Its not the ISP's fault. I've connected to multiple WLAN's and none work. Ive went to cafe's and recieved the same issue. My Laptop is an acer aspire 5750G and no it doesnt come with a wireless configuration, i am using the default windows 7 wireless configuration.


----------



## Unleasher246 (Jul 14, 2011)

And Btw by limited connectivity i also mean no internet connection is within reach, although there is internet that can be accessed by any other laptop.


----------



## TerryNet (Mar 23, 2005)

Try a dynamic connection on the wireless ...

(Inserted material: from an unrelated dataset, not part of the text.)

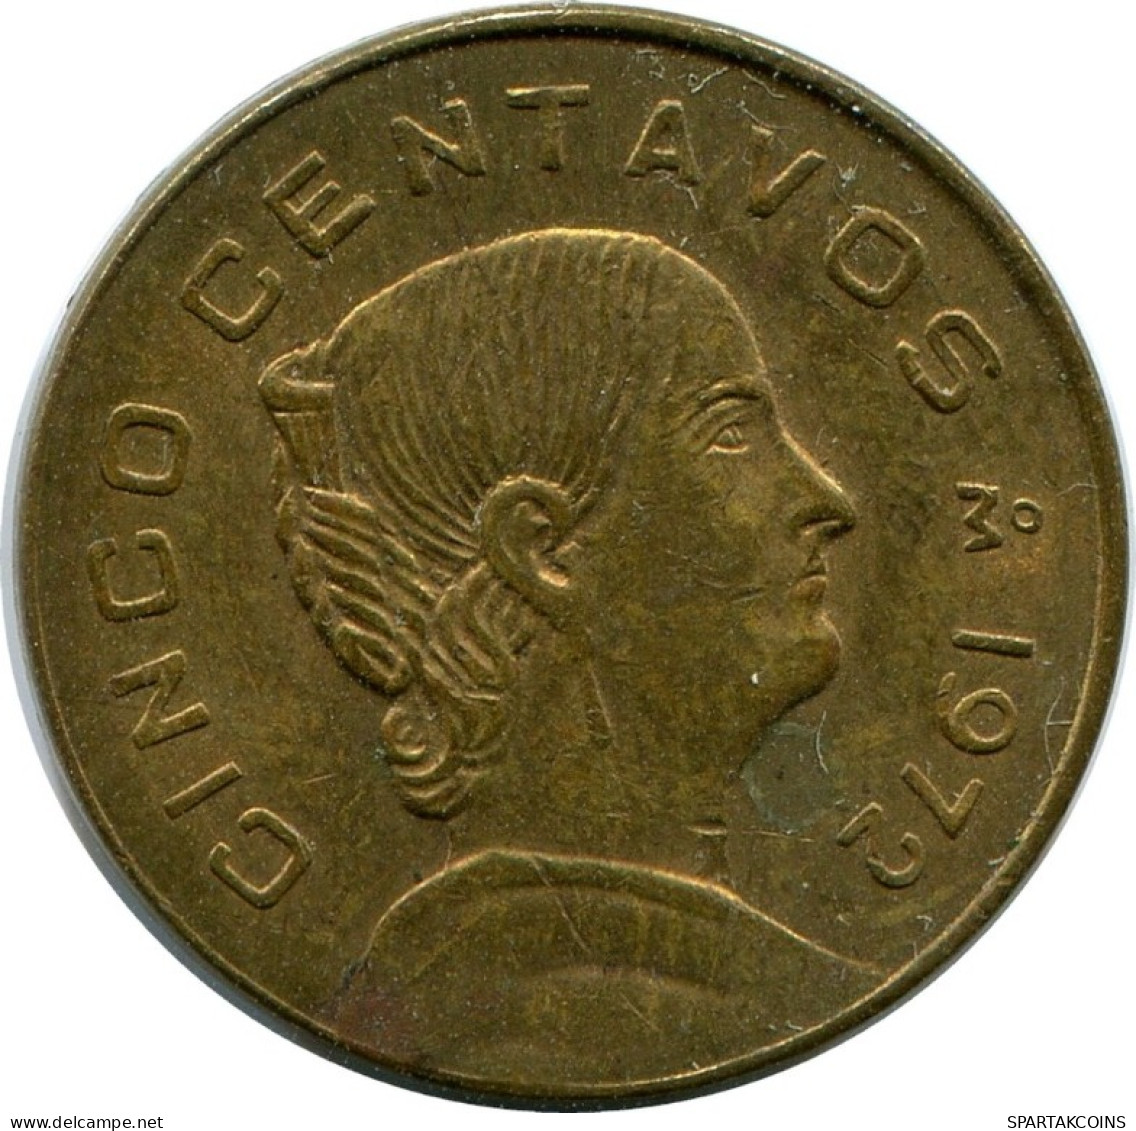 5 CENTAVOS 1972 MEXICO Coin #AH423.5.U.A - México

To configure a dynamic IP address on your Windows Vista or 7 computer:

1. Click Start.
2. Select Network, then Network and Sharing Center, and click Manage network connections or Change adapter settings from the list of tasks.
3. Right click the connection of interest and click Properties.
4. Select Internet Protocol Version 4 (TCP/IPv4) from the list and click the Properties button.
5. Select Obtain an IP address automatically.
6. Select Obtain DNS Server address automatically.
7. Click OK.
8. Click Close.


----------



## Unleasher246 (Jul 14, 2011)

Thanx alot!! You're a Genius my friend! 1000 Thanx to you! Cheers Mate! Case Solved.


----------



## TerryNet (Mar 23, 2005)

You're welcome.


----------



## Unleasher246 (Jul 14, 2011)

Damn! The problem is back! You're fix lasted for a few hours then yet again i receive the same issue as the one i started with. It seems like im back to square one.


----------



## TerryNet (Mar 23, 2005)

Is some part of Connectify still running? I don't know what else might be setting a static IP on your wireless.


----------



## Unleasher246 (Jul 14, 2011)

no nothing. I completely uninstalled it.


----------



## Unleasher246 (Jul 14, 2011)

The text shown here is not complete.